Does Treasury Believe In Climate Change?

Crikey - Bernard Keane

Is climate change real? The Treasury and Prime Minister and Cabinet appear to disagree, if their corporate plans are anything to go by.
Treasury Secretary John Fraser
Some bright young faces gleam out from the latest Corporate Plan from Treasury, which according to secretary John Fraser — whose not-so-bright face also appears — "sets out the Department's purposes, priorities and the key directions".
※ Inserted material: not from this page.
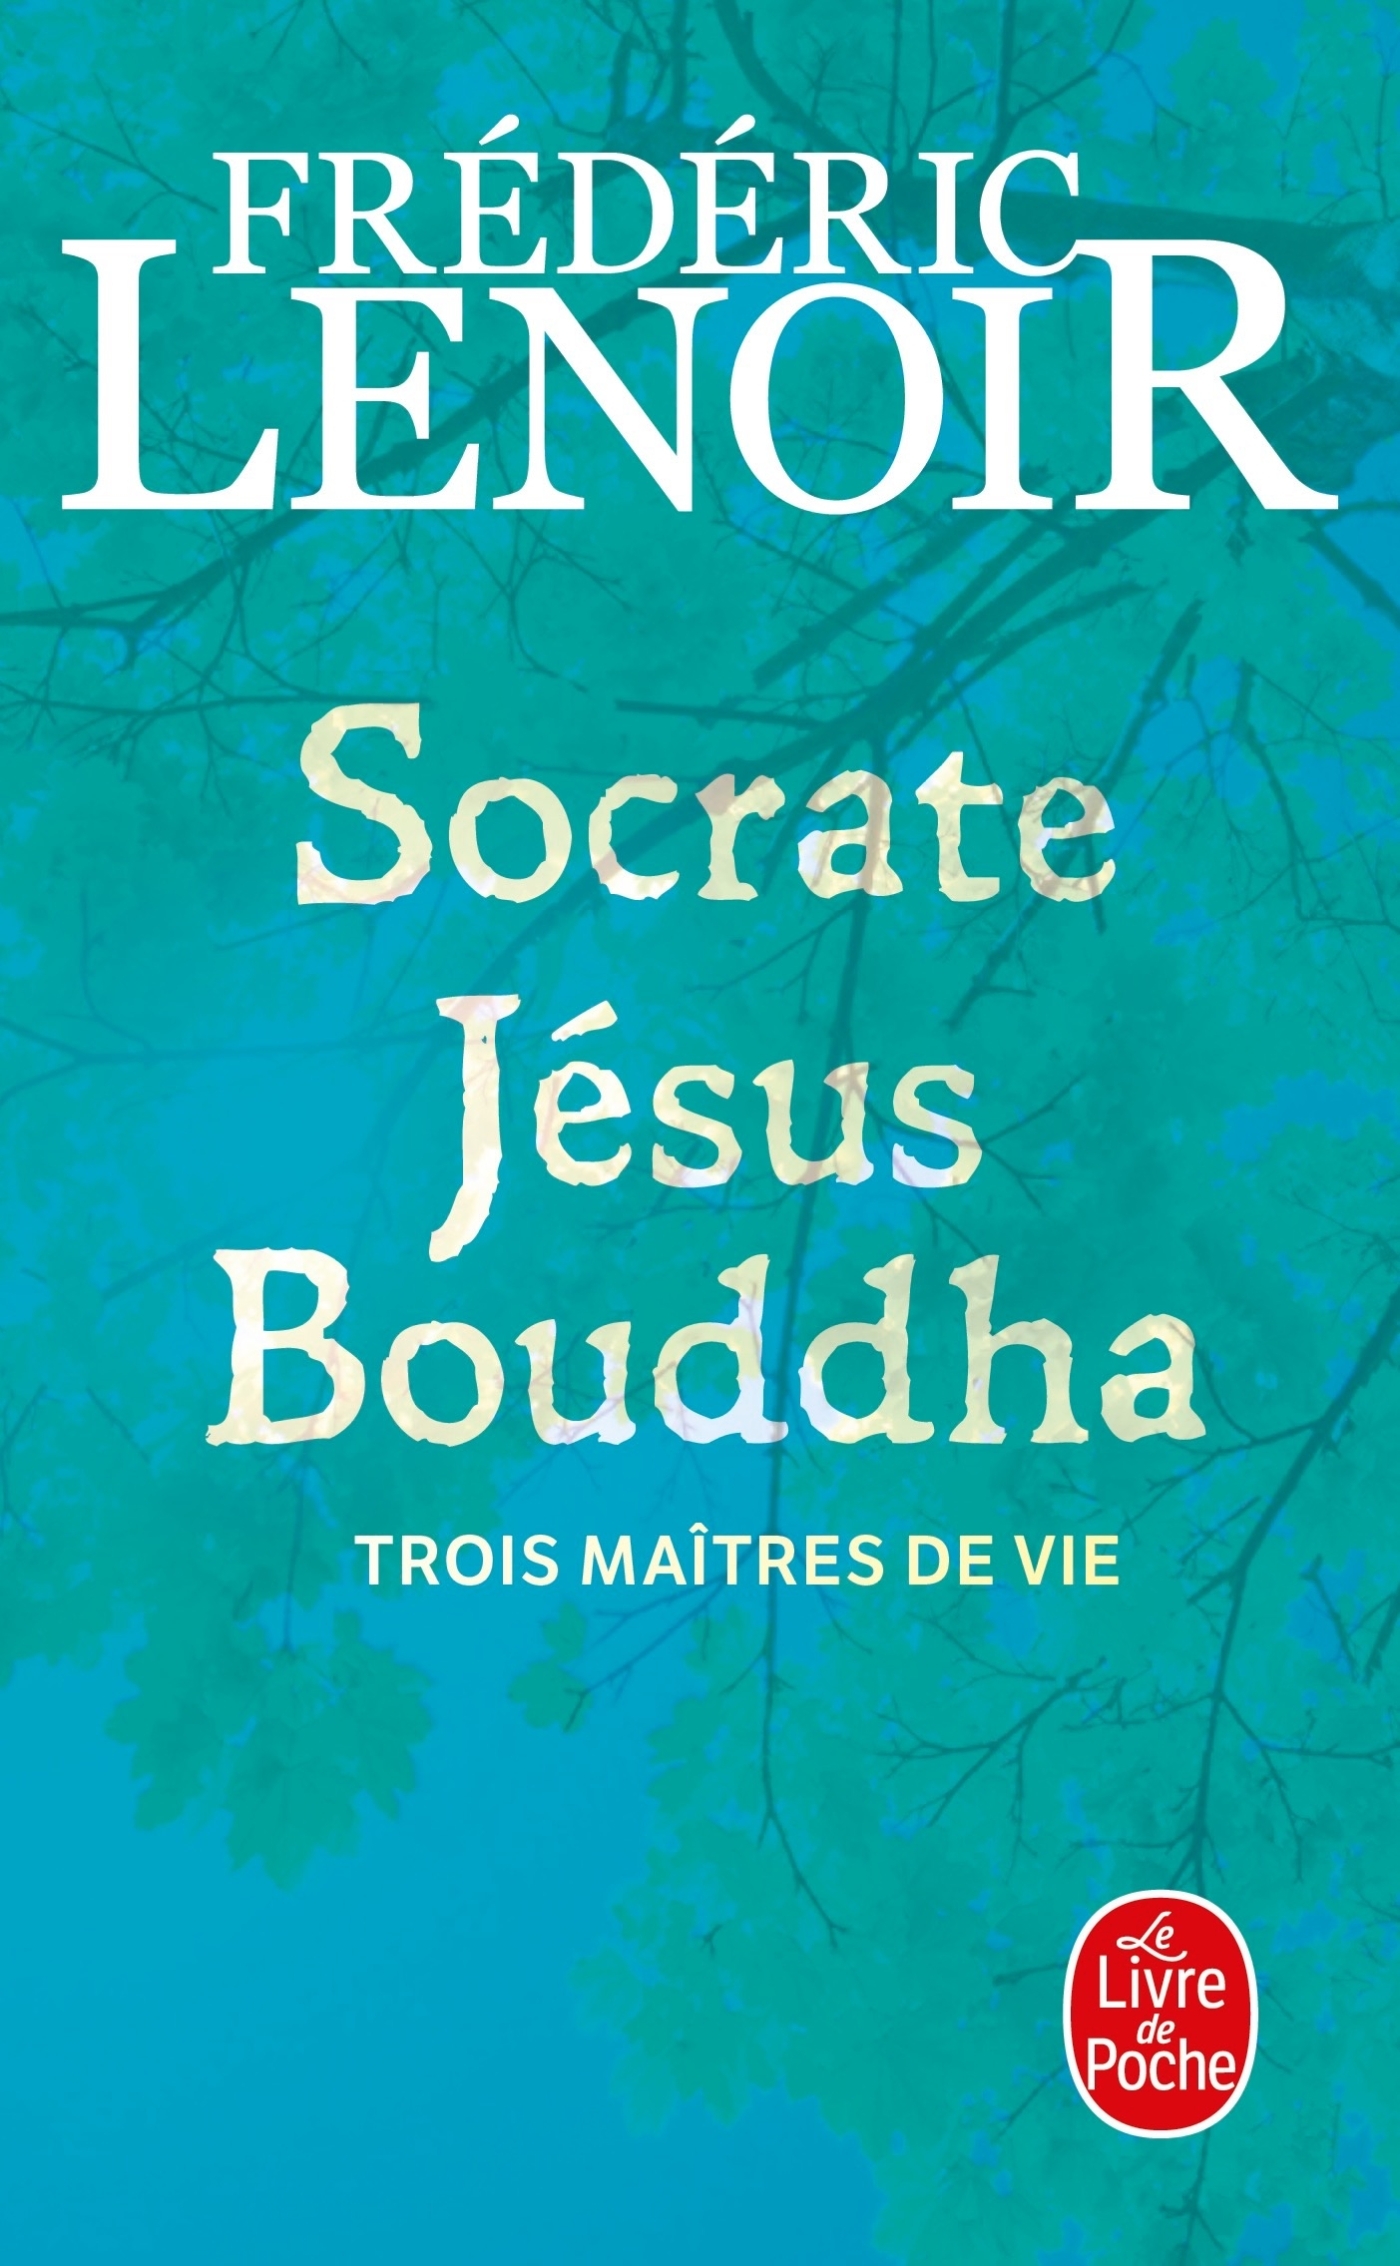 Socrate, Jésus, Bouddha (9782253134251-front-cover)

What are those priorities? Productivity? Check. Participation? Absolutely. Ageing population? Yep. The budget? Of course — there's a section on "promoting fiscal sustainability". Infrastructure? Well, there are a few mentions. Globalisation and global integration get a section, suggesting the best and the brightest are aware of the increasingly sensitive issue of the political downsides of globalisation.
But climate change? Not so much. There's not a single mention of the greatest long-term economic challenge to Australia in the document.
As we've noted before, John Fraser — who dates from the old John Stone Treasury era — seems to have had his mind frozen in the early 1990s. At least he's now mentioning infrastructure, which has been absent from his major speeches, but climate change, a glaring absence in those addresses, remains verboten.
There's virtually no mention of climate change at all on the Treasury site anymore, except in the submissions provided by stakeholder groups to Treasury in various consultation processes. Search for climate change-related documents via Treasury's own internal search engine and all it produces are two "historical" documents from the Labor years.
In contrast, Martin Parkinson now has a "Climate Change and Environment" branch back in Prime Minister and Cabinet — rather a contrast to the Abbott years when "climate change" had to be purged from that department and Parkinson himself was sent packing from Treasury by Abbott for his sin of being secretary of the Department of Climate Change under Labor. And PM&C's Corporate Plan talks about "providing advice on major policy areas, including health, education, social security, infrastructure, industry, energy, climate and the environment, and regulatory reform" — rather a contrast to last year's document, written while Abbott was still prime minister and Michael Thawley headed PM&C, where climate change doesn't get a mention.
Maybe Fraser's holding out hope for that Abbott resurrection, which will mean we can go back to the days when we stuck our fingers in our ears and pretended climate change wasn't real.